The Earth Science and Remote Sensing Unit at NASA's Johnson Space Center maintains an enormous collection of over four million astronaut photographs of Earth, spanning manned spaceflight from the Mercury missions to today's ISS missions. These photos can be vital to researchers across many fields, but many are inaccessible because they lack labels for common features like islands, volcanoes, and rivers. Feature Hunter is the first step toward the creation of a machine learning model aimed at labeling previously uncategorized Astronaut Photography with geographic features. Machine learning requires large sets of training data to produce accurate results. Feature Hunter users will help develop this training data by viewing images, determining whether or not a feature or features are present, and identifying features by placing bounding boxes around them. Then, experts in the Earth Science and Remote Sensing Unit will use this data to develop and deploy a machine learning model to add feature-level metadata to the entire astronaut photography database.

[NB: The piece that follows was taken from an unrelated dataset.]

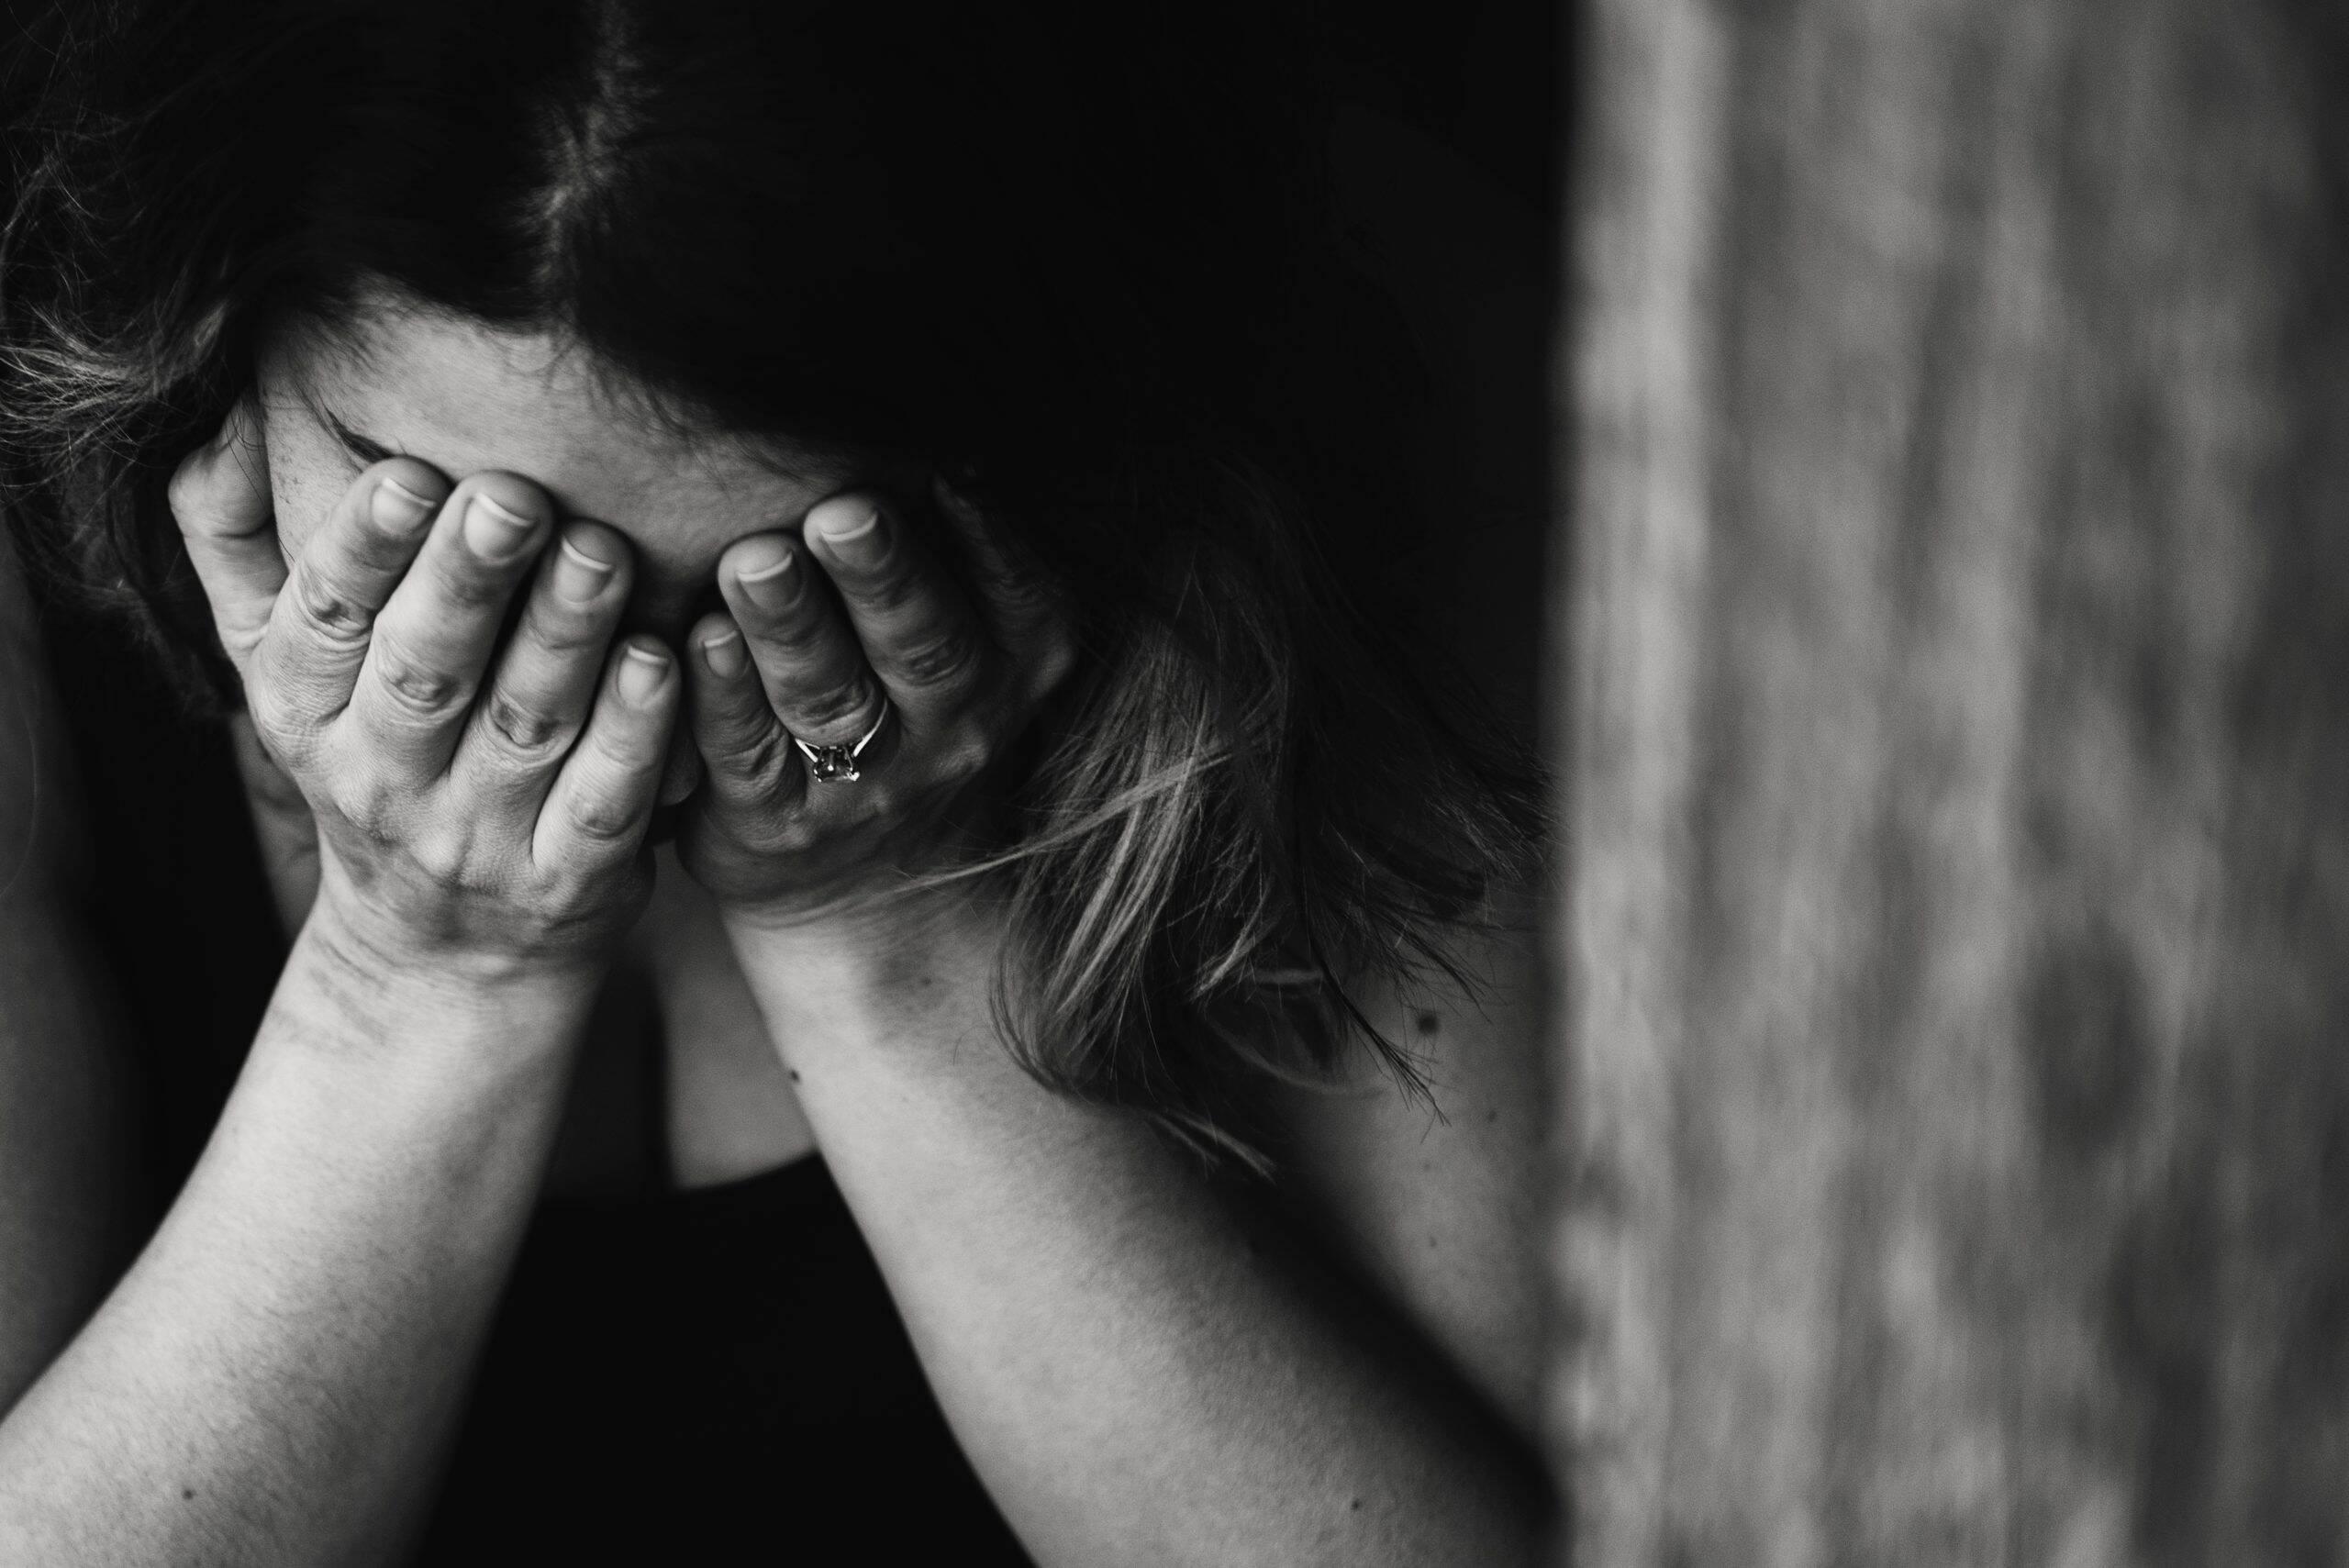 Além disso, quase 50% declararam conhecer pessoas que tiveram depressão no isolamento, sendo eles familiares ou amigos próximos. (Foto: Pexels)

Geographic Scope: Whole Earth (astronauts collect imagery of all continents but Antarctica)
Project Status: Active - recruiting volunteers
Participation Tasks: Identification,
Start Date: 07/01/2019
Project Contact: email@example.com
Federal Government Sponsor:
Other Federal Government Sponsor:
Fields of Science: Ecology and environment, Geography, Geology and earth science
Intended Outcomes: Feature Hunter is aiming to improve the astronaut photography database by utilizing machine learning to identify of features within images with the help of training data generated by citizen scientists.